We then do something called string concatenation to add two strings together. We do this with the + operator, which can be used on strings as well as maths!
inputMessage + "?"
adds a question mark character to the end of the input string. We then overwrite the value of out old inputMessage and set the new one equal to this string (with the appended ?)
On Jeniffer's site, if you leave the input box blank and hit submit you get the default "You don't fill in forms?" remark. We should have this on our site.
var inputMessage = $('input').val(); if(inputMessage == '') { inputMessage = 'You don't fill in forms'; } inputMessage = inputMessage + "?";
This code uses what's called a conditional statement with an if statement.

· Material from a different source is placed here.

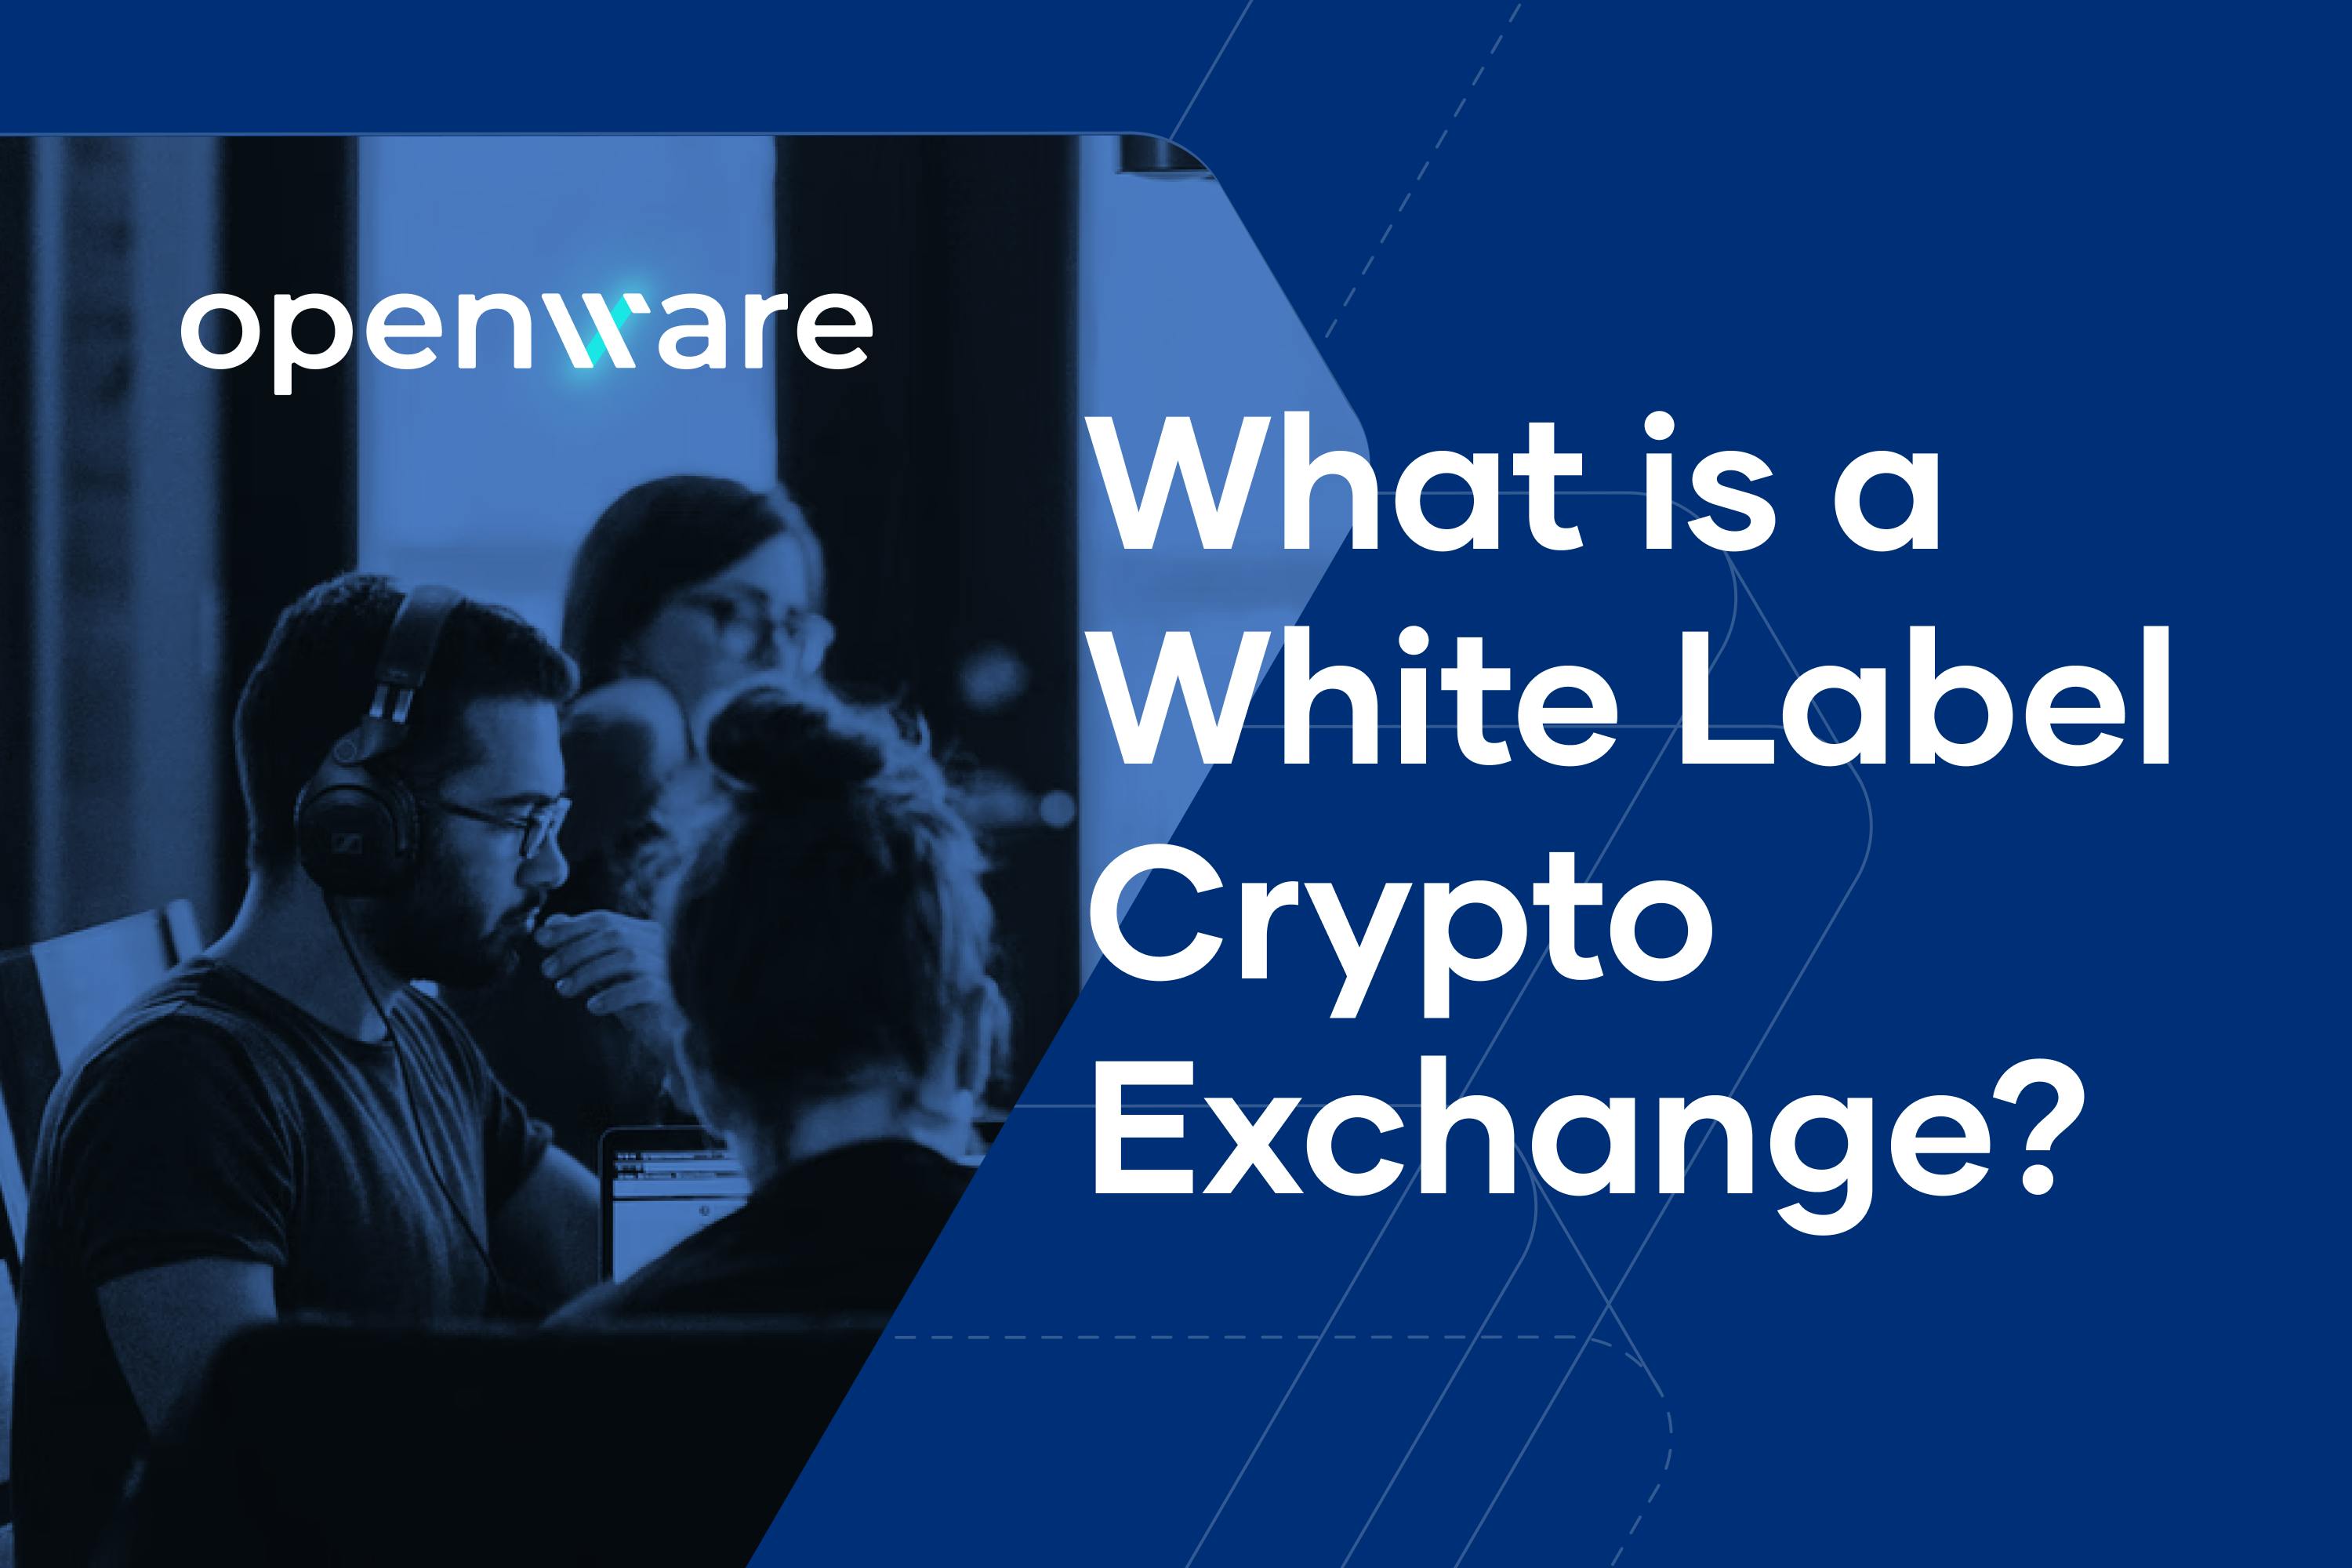 Banner Image showing the words "What is a White Label Crypto Exchange?"

This checkes the if the condition is true, and if it is executes the code between the curly braces.
In this case, the code checks to see if the inputMessage (the input from the box) is empty == ''
. The empty check tests to see if the string in the inputBox is equal to an empty string. If is is, the inputMessage is set to the default You don't fill in forms message.
One important gotcha is the ==
. The double equals. This tests for equality. We've seen the =
single equals before, this is used to assign something to a variable. Programmers of all experiance get caught out by this at times, don't be one of them.